Essa atmosfera de respeito, amor e cultura se manifesta vivamente no palco de Bibi – na vida em musical. A delicadeza de escolher um elenco que também está conectado a essa energia é um dos maiores acerto desse projeto. Pois ao apreciar o espetáculo, percebe-se artistas banhados de amor e orgulho ao contarem a história da diva do teatro nacional.

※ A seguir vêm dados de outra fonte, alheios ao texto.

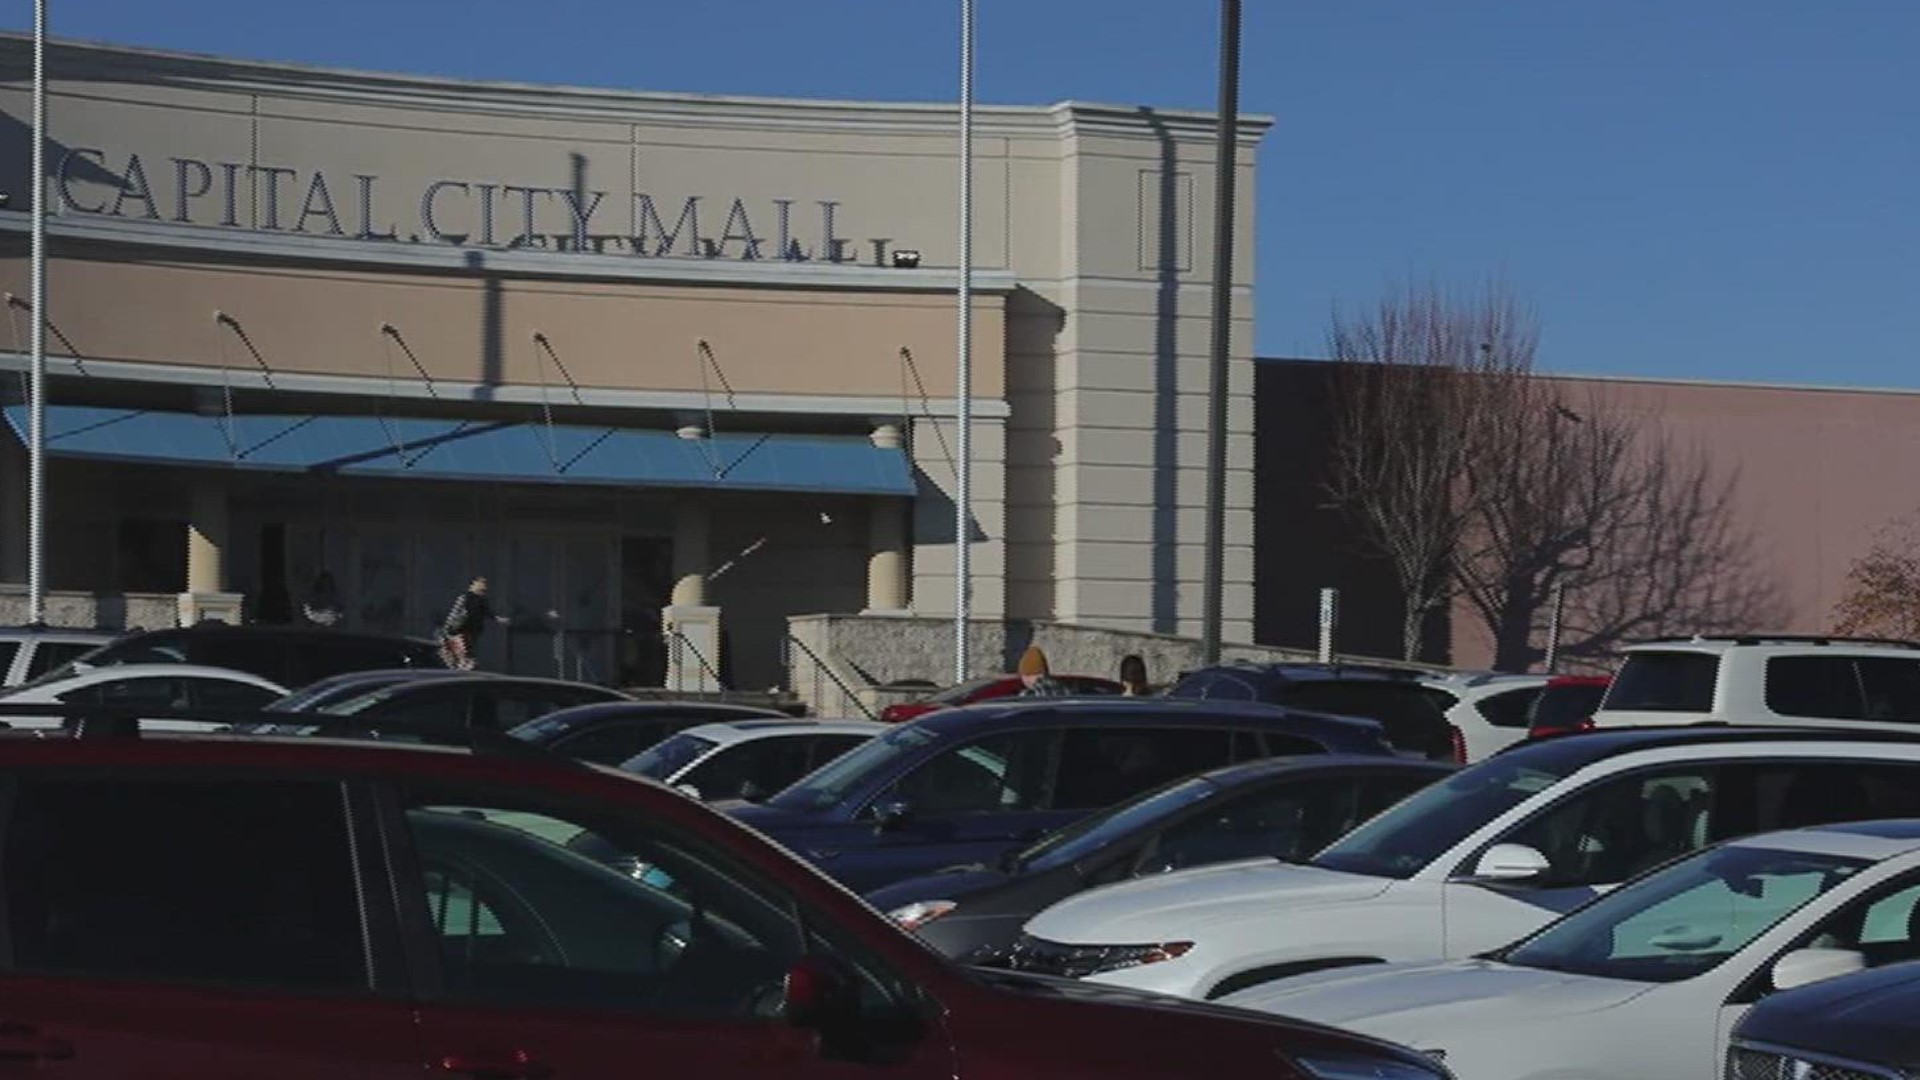 While many malls across the country have been repurposed or even closed due to the emergence of online shopping, shop owners say the Capital City Mal is thriving.

Não se encontra em cena orgulhos e egos, mas talentos, entregas e amor. Um elenco de artistas completos, que emprestam seus corpos para dar vida a inúmeras personagens, de diferentes fases dessa artista. Uma excelência no jogo cênico que nós leva a sorrir e se emocionar do inicio ao fim.

 

Algo que desperta minha atenção neste espetáculo e ver o belíssimo cenário e figurinos, arranjos musicais, letras incríveis e cenas deslumbrantes. Mas que tudo está a favor do roteiro, pois a palavra se torna o foco deste espetáculo. O texto, a narrativa, a história não se esconde atrás da luz, do cenário ou das vozes dos artistas. O roteiro é a construção deste amor, a vida de Bibi de fato e narrada e colocada com devoção. Os roteiristas Artur Xexéo e Luanna Guimarães souberam escolher as palavras certas para compor essa história, quanto amor, quanta delicadeza e sabedoria. São falas contidas, com diálogos rápidos e sucintos. Cenas necessárias e que dizem tudo. E essas breves colocações desertam no público uma comoção a verem a vida de Bibi se consolidar juntamente com a história do teatro nacional.

 

E a direção de Tadeu Aguiar é excelente. Pois Aguiar soube olhar para a caixa (teatro) e colocar cada coisa em seu lugar. Sua sensibilidade soube administrar e dosar cada elemento desse projeto que se torna um presente para o público. Tadeu reconstrói a emoção de “ver Bibi Ferreira” e sentir cada momento precioso da sua trajetória. Acredito que isso não poderia ser feito sem a entrega e dedicação do elenco como falei anteriormente. A atriz Amanda Acosta empresta sua alma para a generosidade de Bibi Feira e se transforma visualmente e cenicamente numa estrela dos palcos, provocando arrepios no público. Guilherme Logullo trás a delicadeza de um ator que se entrega de corpo, alma e voz a seu personagem e que sabe a importância do palco em sua vida e para o público. Chris Penna é a metamorfose do ator, sua transformação no palco nos leva a ver Procópio Ferreira e se orgulhar de sua existência.

 

E todo o elenco está num nível que concretiza a narrativa apresentada. Pois todos estão nos mostrando às qualidades do teatro nacional e de como somos bons no que fazemos. Parabéns a todos vocês por acreditarem de coração e alma nessa história do teatro nacional e levar a emoção dessa cultura belíssima que existe em nosso país. Bravo!

 

Ao termino do espetáculo o público que se encontrava na estréia de Bibi – Uma vida em Musical no Theatro São Pedro em Porto Alegre é tomado pela emoção, assim aplaudido incansavelmente o espetáculo. Um projeto que exalta uma família do teatro, que engrandece a nossa história e nos faz amar mais e mais a cultura nacional e reconhecer que temos artistas impecáveis no nosso país. Uma honra ter prestigiado e me comovido ao assistir esse brilhante espetáculo.